図8に示すように、発光装置4では、封止部材80は、基体10における複数の半導体レーザ素子30が載置された領域に向かって凹んだ凹部82bを有している。レンズアレイ20は、平面視において、レンズアレイ20の外縁の一部が凹部82bの内側に位置するように配置されているとともに(
図8中の開口部Gを参照)、凹部82bの外側において接着剤により封止部材80に固定されている。発光装置4においても、レンズアレイ20と封止部材80との間の空間が開放空間となるため、有機物の堆積(集塵)や結露の発生を抑制しやすくなる。
【0041】
開口部Gの数及び配置は、レンズアレイ20の外縁の一部を凹部82bの内側に位置させるものであればよく、
図8に図示した数及び配置に限定されるものではない。ただし、開口部Gは、平面視において、レンズアレイ20の外縁の2箇所以上(四隅に限らない。)に設けられていることが好ましい。そして、この場合、それらの開口部Gは、レンズアレイ20の中心に対して点対称の位置に設けられることが好ましい。このようにすれば、複数の貫通孔Fをレンズアレイ20の中心線に対して線対称に設ける場合と同様に、レンズアレイ20と封止部材80との間の空間内に空気の流れを形成しやすくなる。
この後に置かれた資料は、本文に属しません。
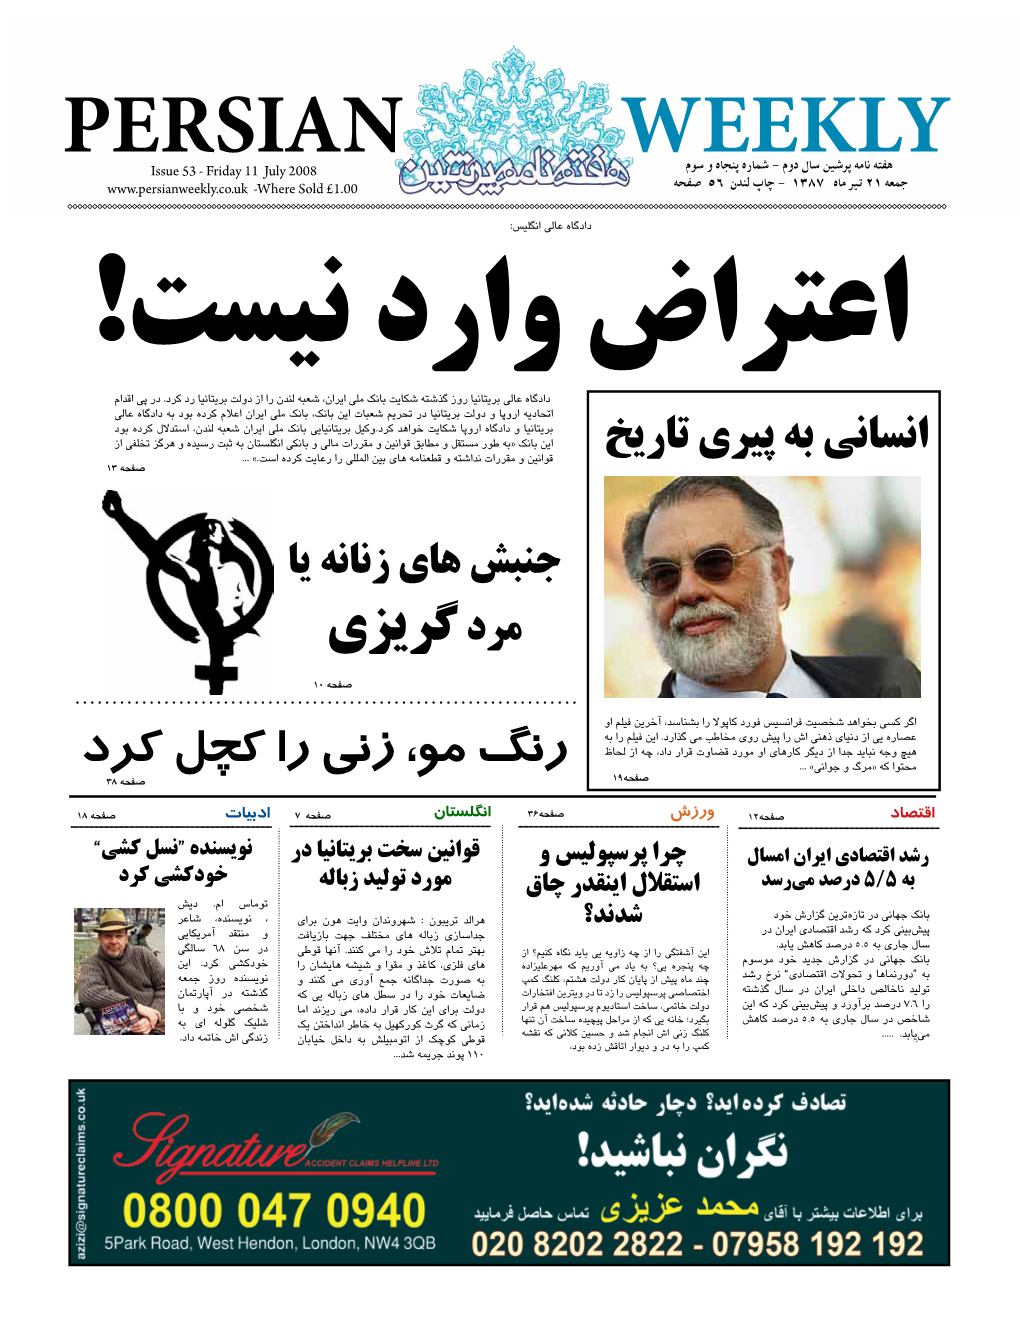 Persian Weekly Newspaper Design

したがって、より一層、有機物の堆積(集塵)や結露の発生を抑制することができる。
【0042】
以上、実施形態3、4について説明したが、貫通孔Fや開口部Gは、レンズアレイ20と封止部材80との間の空間を開放空間とする具体的な構成の一例である。レンズアレイ20と封止部材80との間の空間は、空間内で生じたガスを外部に逃がすことができるよう開放されていればよく、このような開放された空間(すなわち開放空間)を具体的にどのように構成するのかは特に限定されない。
【0043】
以上、実施形態について説明したが、これらの説明によって特許請求の範囲に記載された構成は何ら限定されるものではない。